Conceptual Framework
The conceptual framework guiding our analysis is based on OTL. Students’ opportunity to learn the content of state standards is at the heart of standards-based educational reform efforts (Porter, 1995). A central premise of standards-based reform policies is that the content of teachers’ instruction is weak and variable across sites, owing in large part to the conflicting messages teachers receive about what they should teach (Smith & O’Day, 1991). It is thought that providing teachers with more consistent messages through content standards and aligned assessments, curriculum materials, and professional development will lead them to align their instruction with the standards, and student knowledge of standards content will improve. To the extent that the standards represent a “good target,” student OTL will result in improved student knowledge and skills.
There is abundant evidence from the literature that OTL (including instructional alignment and pedagogical quality) affects student achievement. This appears to be true at both the macro- and the micro-levels. For instance, international comparative studies have found that opportunity to learn the content on international assessments (such as the Trends in International Math and Science Study) is associated with nation-level performance (e.g., Schmidt et al., 2001) and with differences in performance across U.S. states (Schmidt et al., 2011). At the classroom level, numerous studies have indicated associations of OTL variables with student performance (e.g., Cueto, Ramirez, & Leon, 2006; D’Agostino, Welsh, & Corson, 2007; Ruiz-Primo, Shavelson, Hamilton, & Klein, 2002). In some cases, the effects of OTL are so large that there is no statistically significant residual between-course level (e.g., between general and honors levels) variation in achievement gains after controlling for OTL (e.g., Gamoran et al., 1997; Yoon & Resnick, 1998).

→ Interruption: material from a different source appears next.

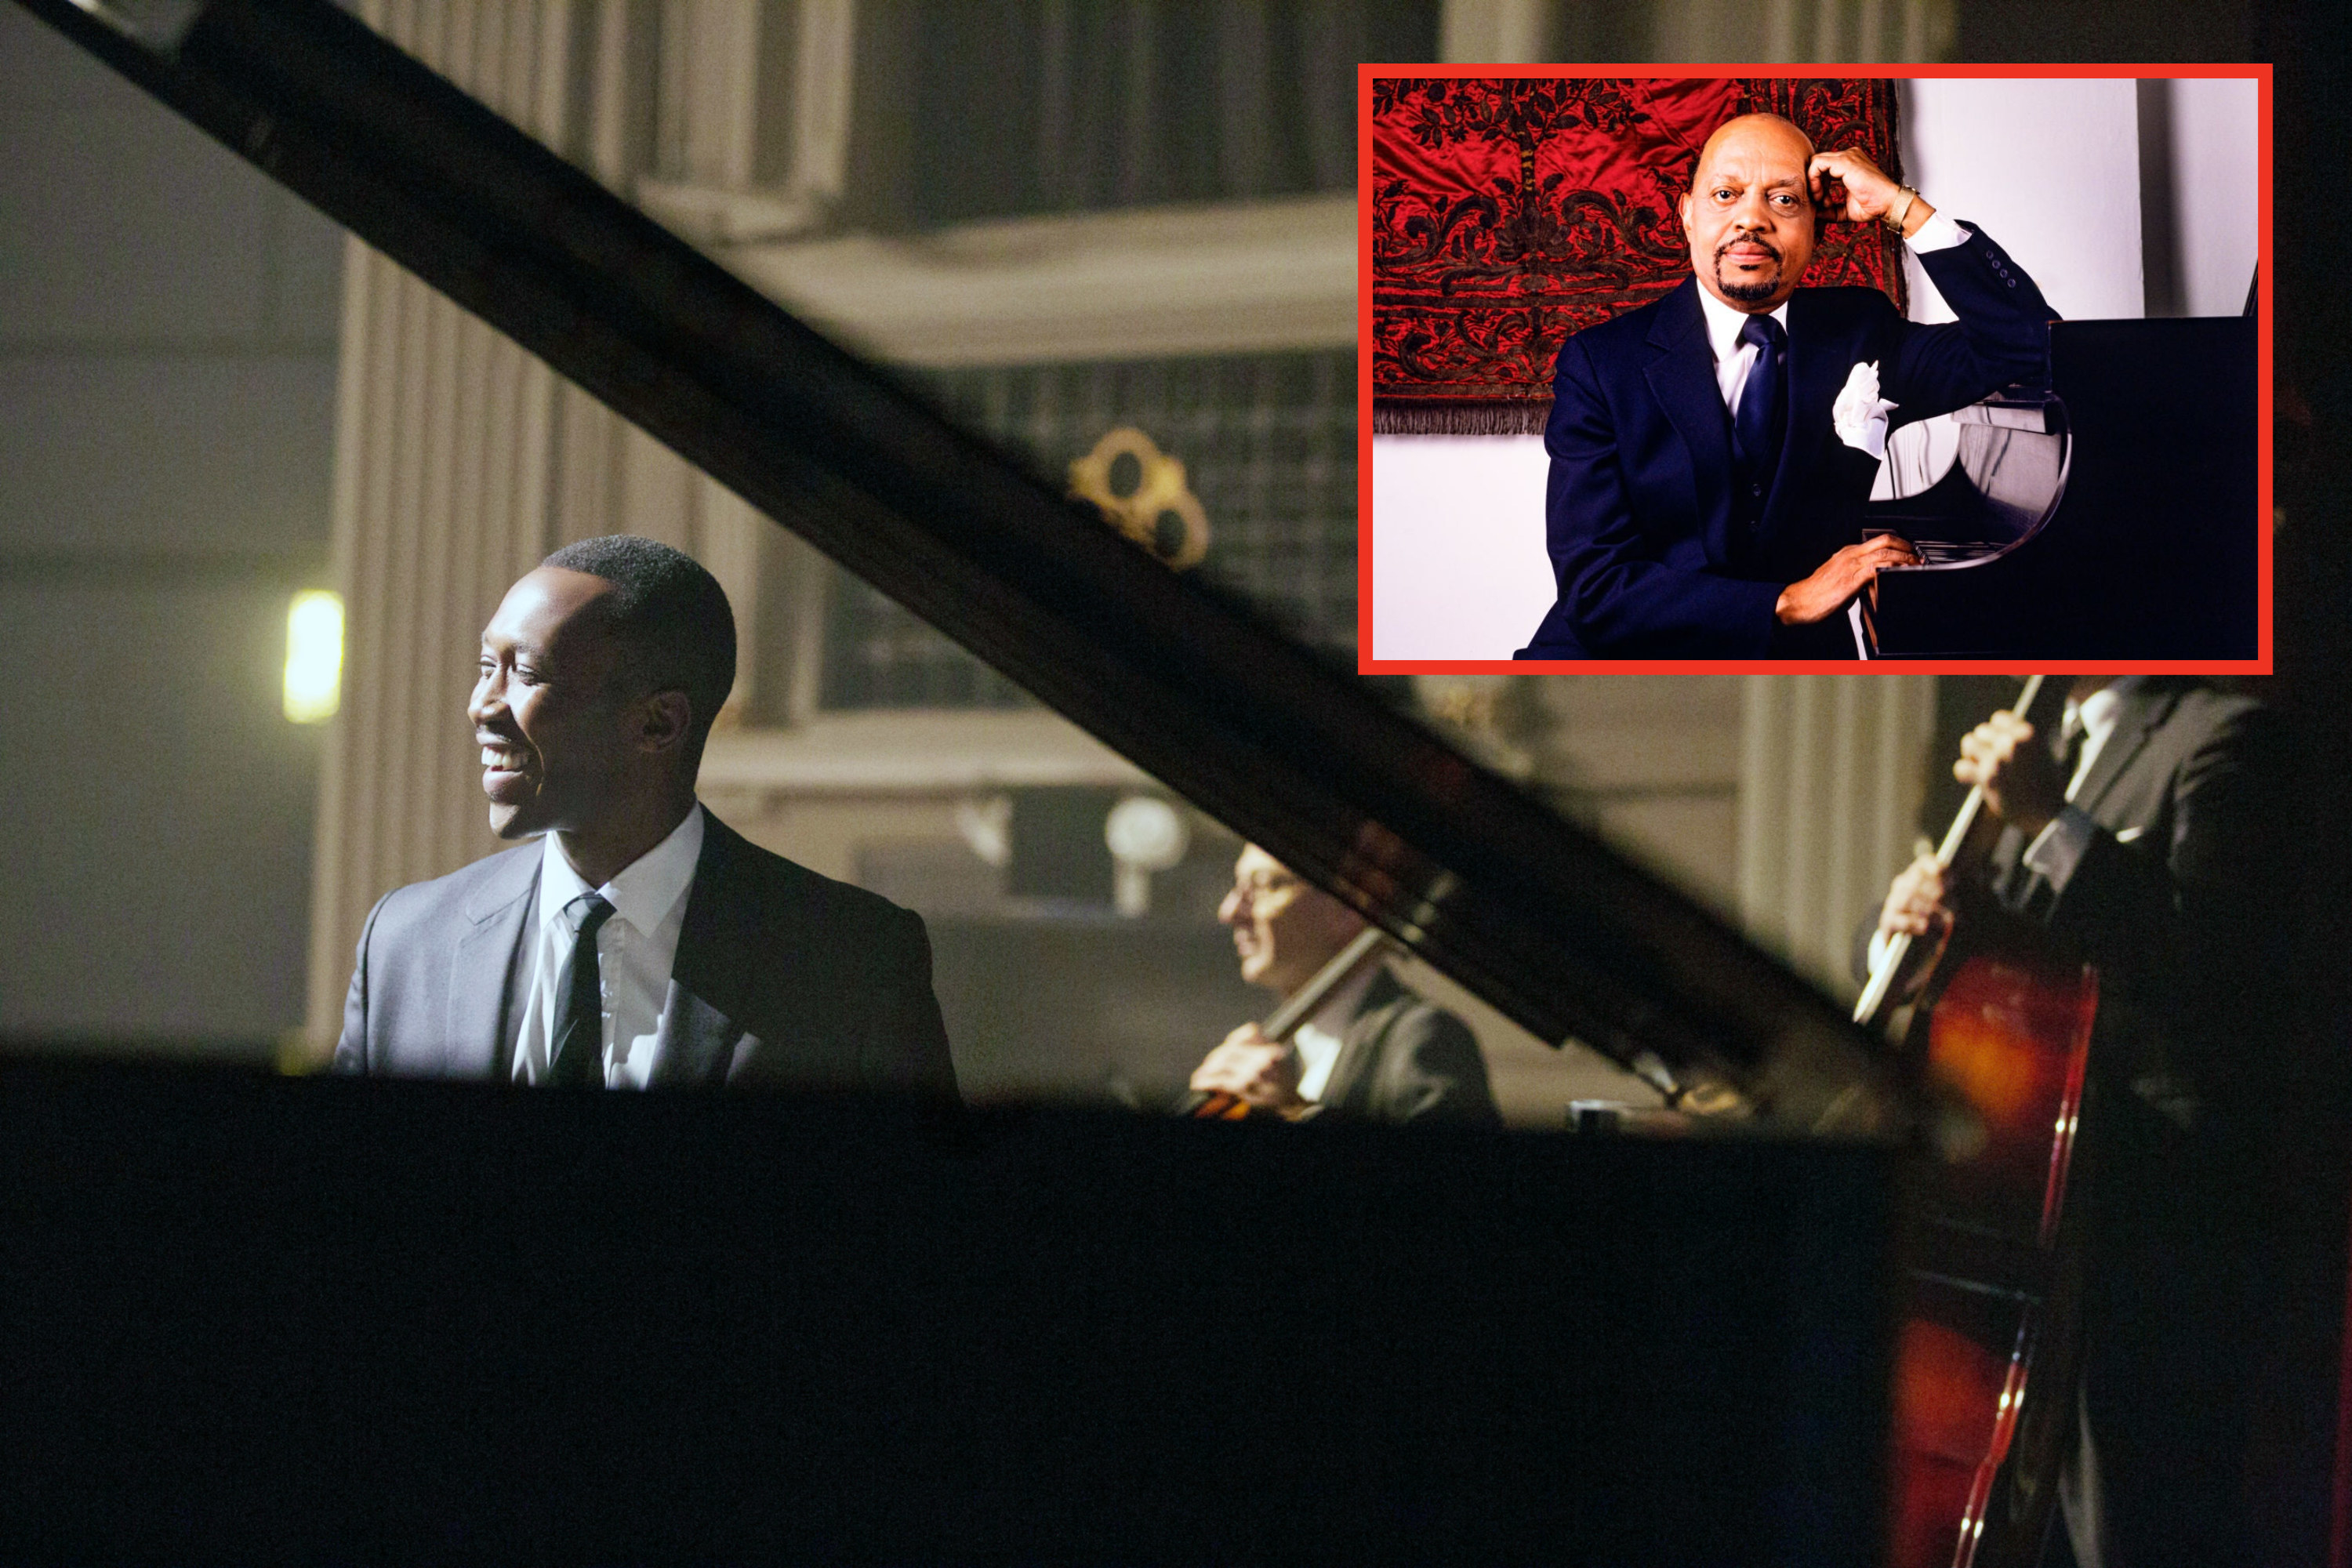 Mahershala Ali as Don Shirley plays the piano in &quot;The Green Book&quot;

There are several important nuances in the OTL literature. One is that the identified effect of OTL depends substantially on the measures of teaching employed. There are numerous dimensions of teachers’ instruction that might influence students’ learning. A recent review (Kurz, 2011) identifies three primary dimensions—instructional time, content, and pedagogical quality. These dimensions can be captured using self-report, as is often done for measures of content coverage (e.g., the alignment index proposed by Porter, 2002), or using observations or student surveys as is often done for measures of pedagogical quality (e.g., Danielson, 2007; Ferguson, 2008). Even within types of measurement strategies, there are important decisions to be made about what and how to capture instruction for the purposes of creating OTL indices. For instance, self-report measures can be semester- or year-end measures (Porter, 2002), or they can be daily or weekly log measures (e.g., Rowan, Camburn, & Correnti, 2004). Observational or student survey tools focus on diverse measures of pedagogical quality based on the theories of instruction that undergirded the creation of the tools (e.g., Danielson, 2007; Ferguson, 2008; Grossman et al., 2010; Hill et al., 2008; Pianta & Hamre, 2009). It is logical, and research finds, that the choice of pedagogical quality measure can substantially affect its predictive power (Polikoff, 2010). In this study, we employ a widely used year-end survey measure of instructional content that has substantial validity evidence (discussed below). We also use observational and student survey measures of teacher quality that have been studied and adopted in numerous state and district evaluation policies. Thus, our work captures two of the three dimensions of OTL using among the highest quality measures available.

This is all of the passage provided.